Projects

Compliance-aware MCP server with structured audit logging

Every LLM tool call passes through a seven-step pipeline: RBAC, inbound PII scan, role-specific policy, bounded execution, outbound scan, outbound policy, structured audit log. Six policy actions. Two bundled philosophies (permissive analyst, strict financial). 15-case golden-set eval, 100% pass.

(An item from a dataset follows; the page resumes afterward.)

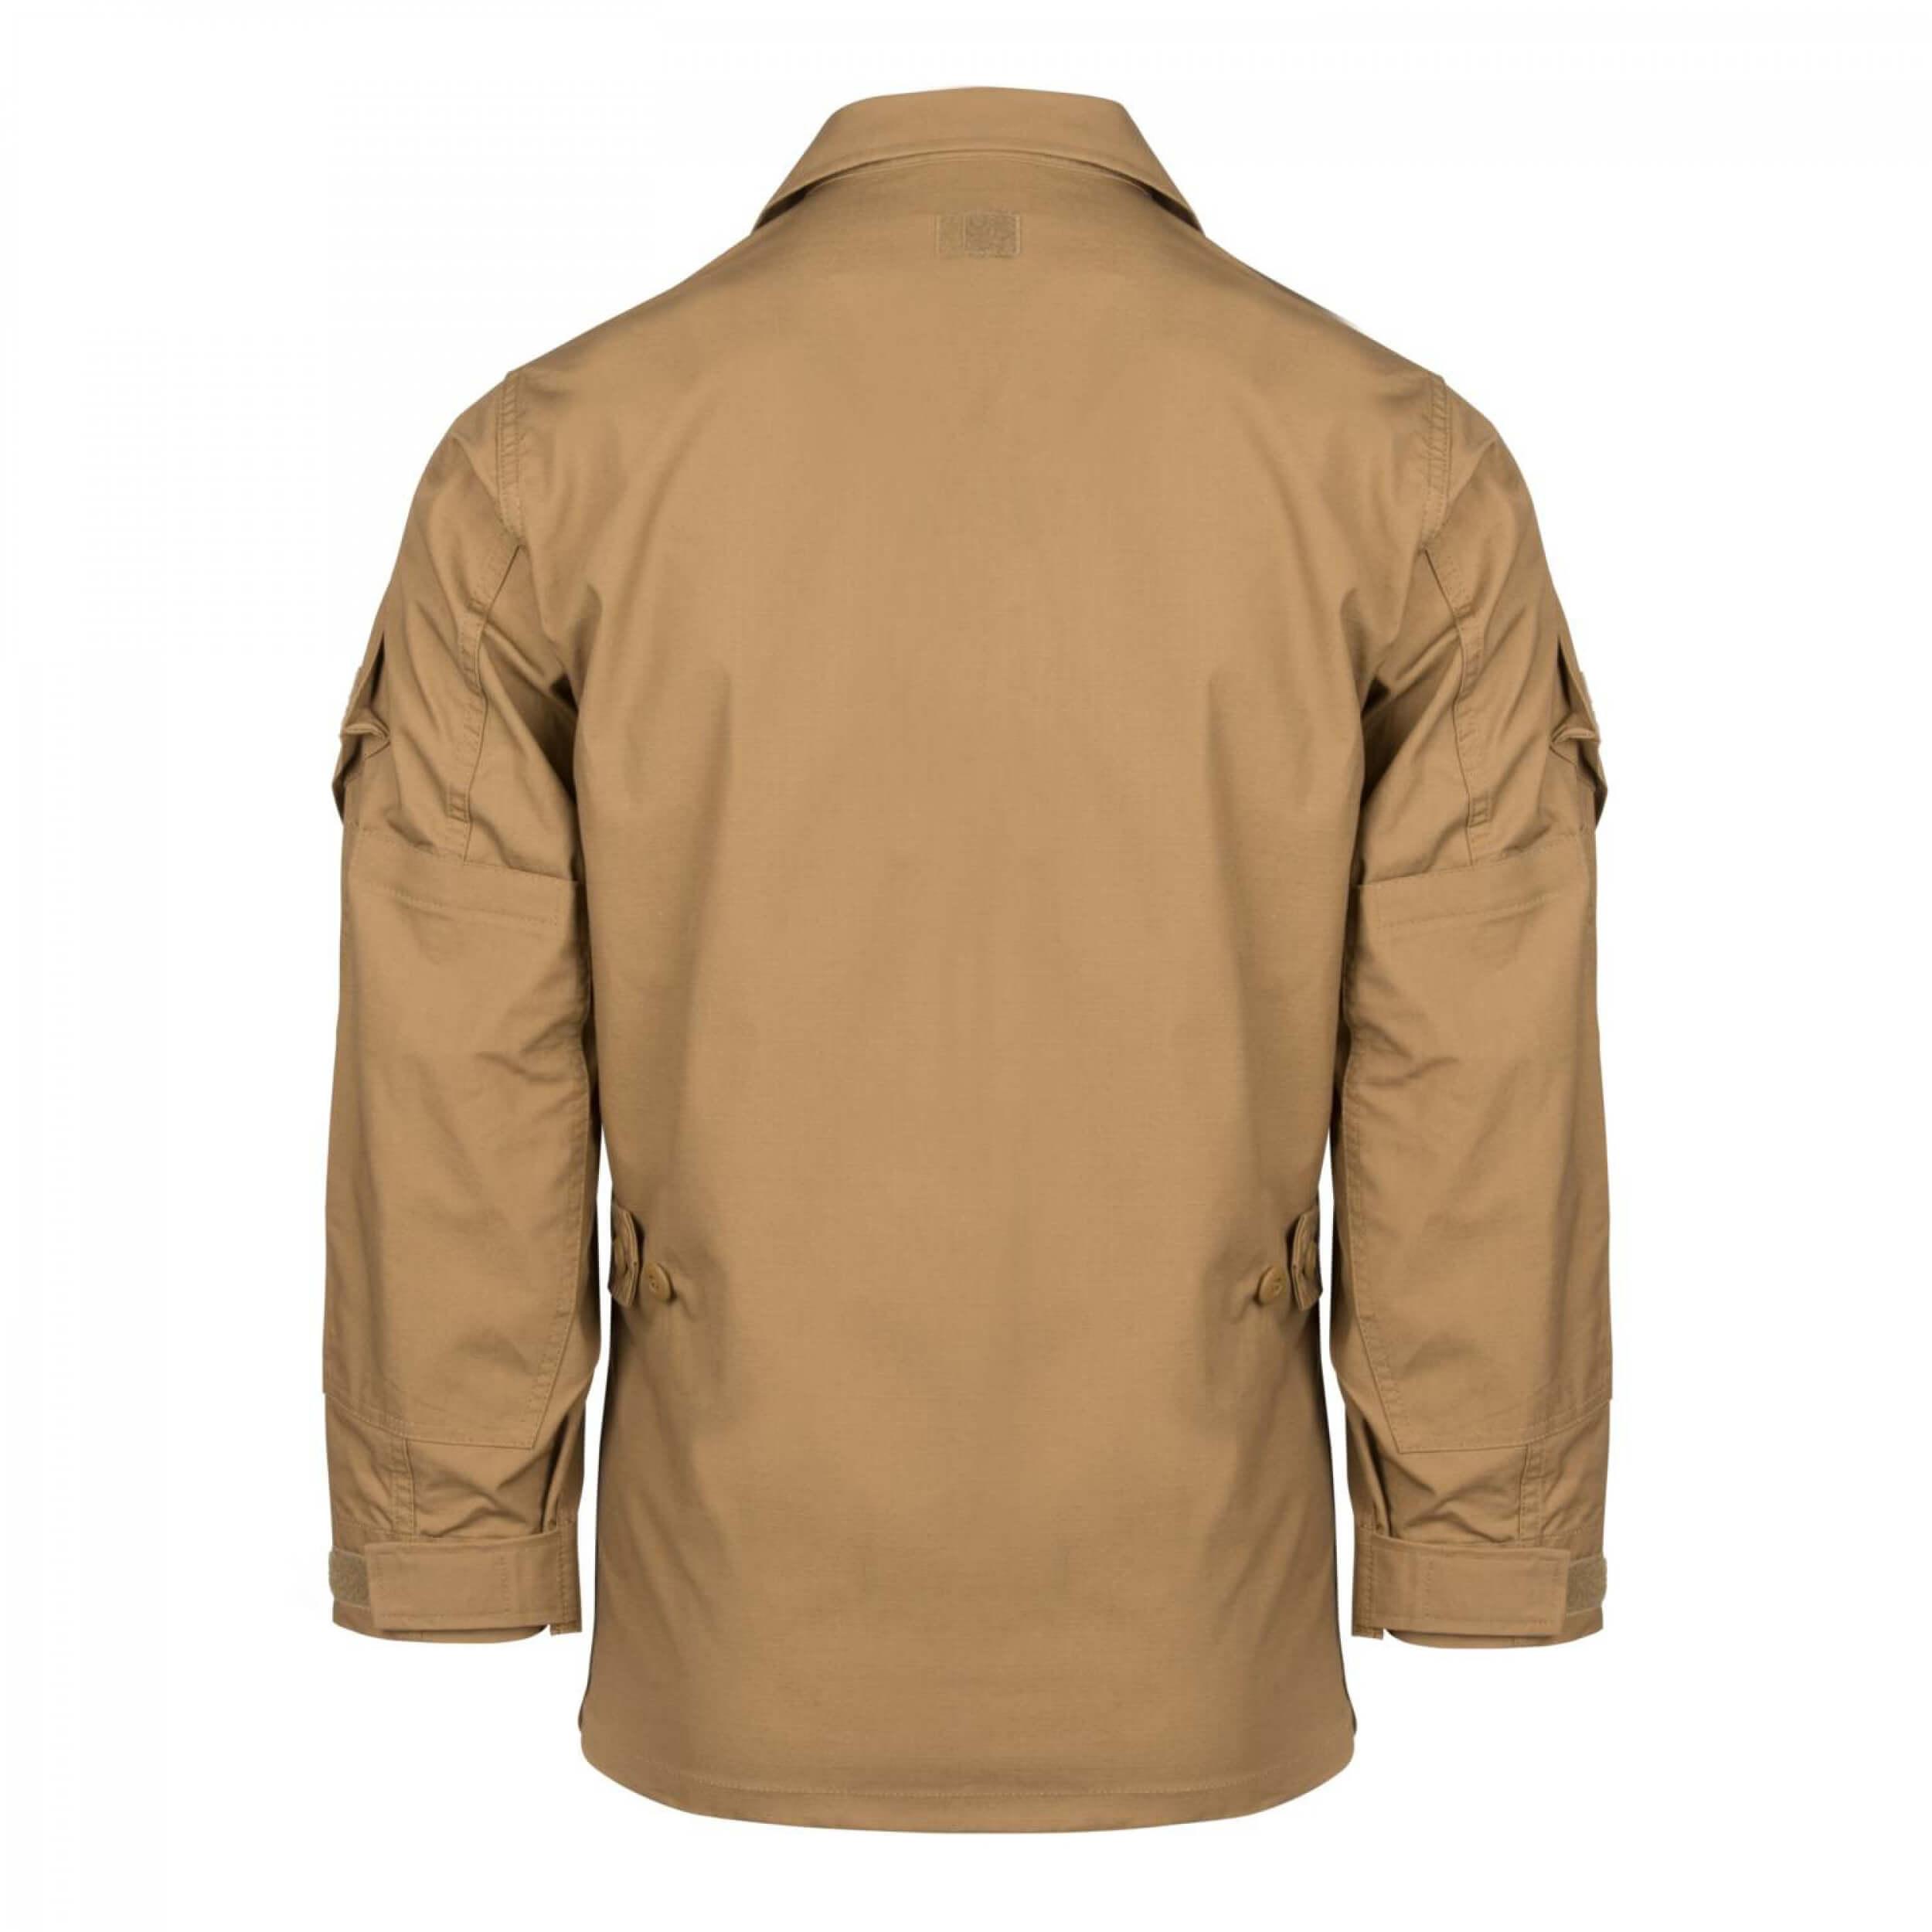 Helikon-Tex SFU Next Shirt - PolyCotton Ripstop - Olive Green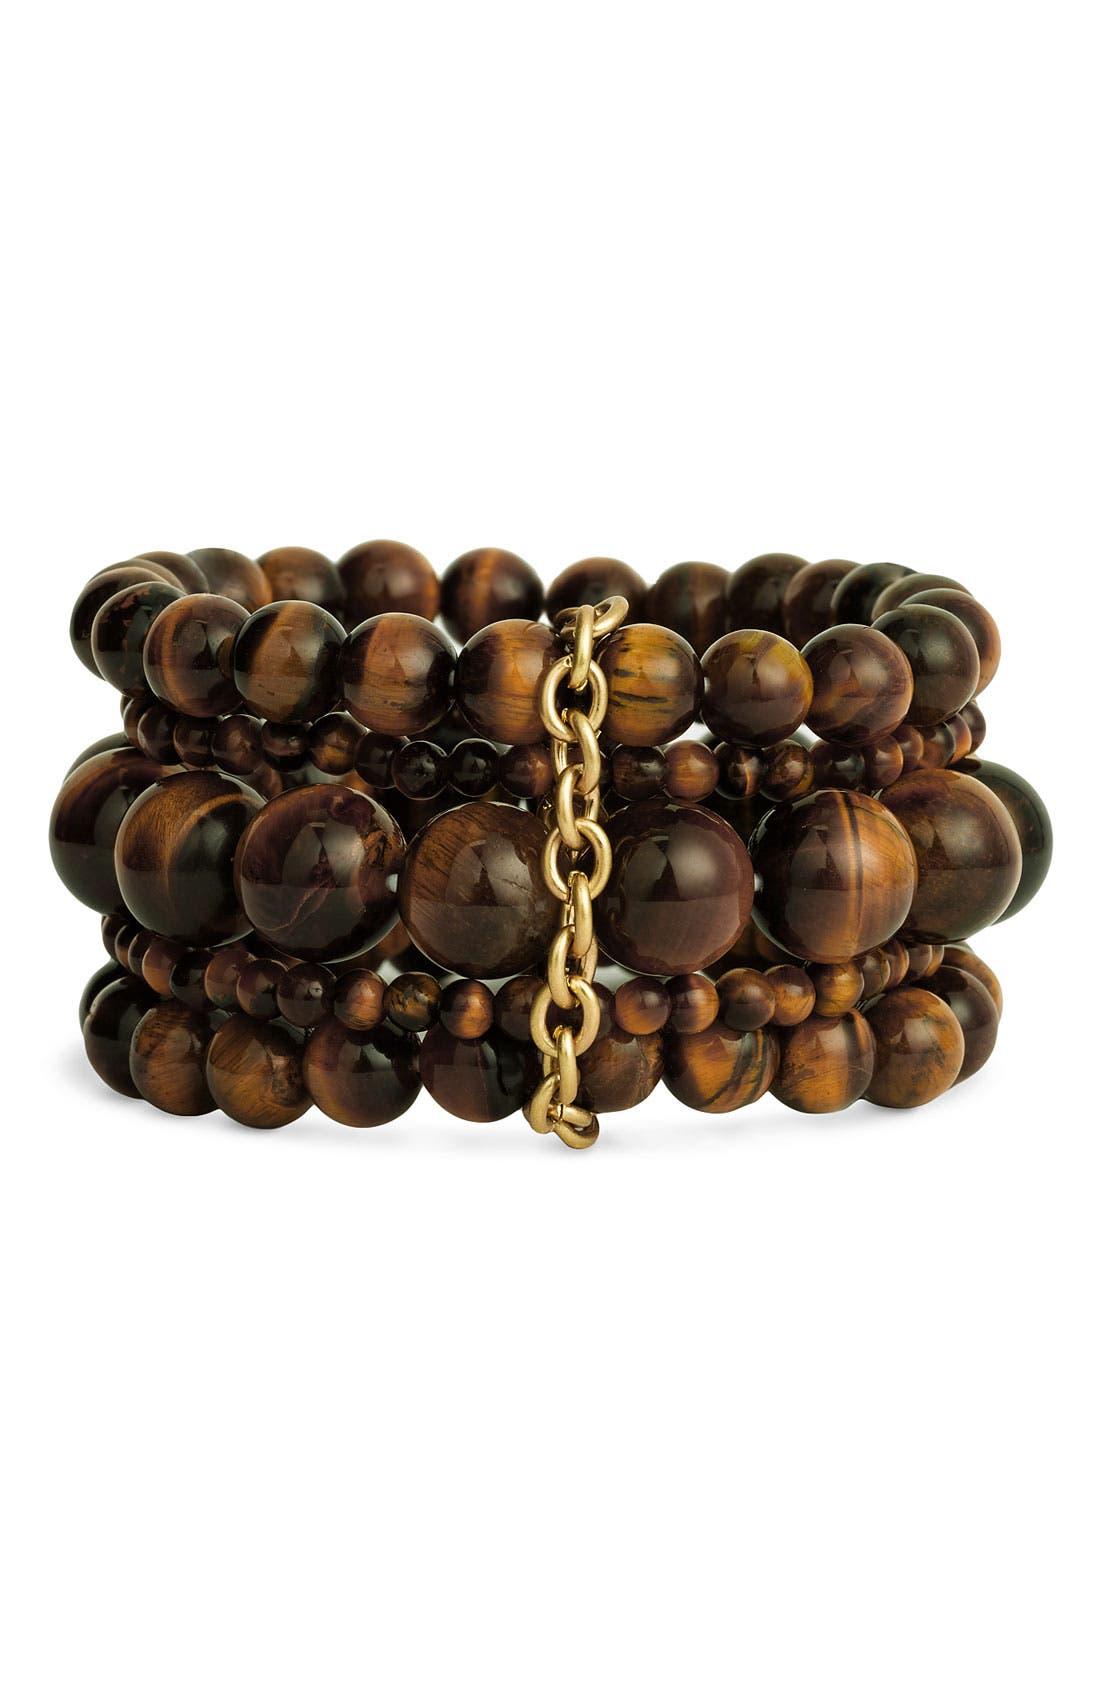 Main Image - Nordstrom Semiprecious Bead Stretch Bracelets (Set of 5)

Python MCP Pydantic FastAPI
Architecture-aware GPU sizing, cost comparison, and break-even analysis

Single-page calculator that answers every CTO's first three infrastructure questions: What GPU do we need? What does it cost monthly? When does self-hosted beat API? Architecture-aware VRAM calculation for 30+ models accounting for GQA, MLA, and MoE. Interactive SVG break-even chart. Zero build step.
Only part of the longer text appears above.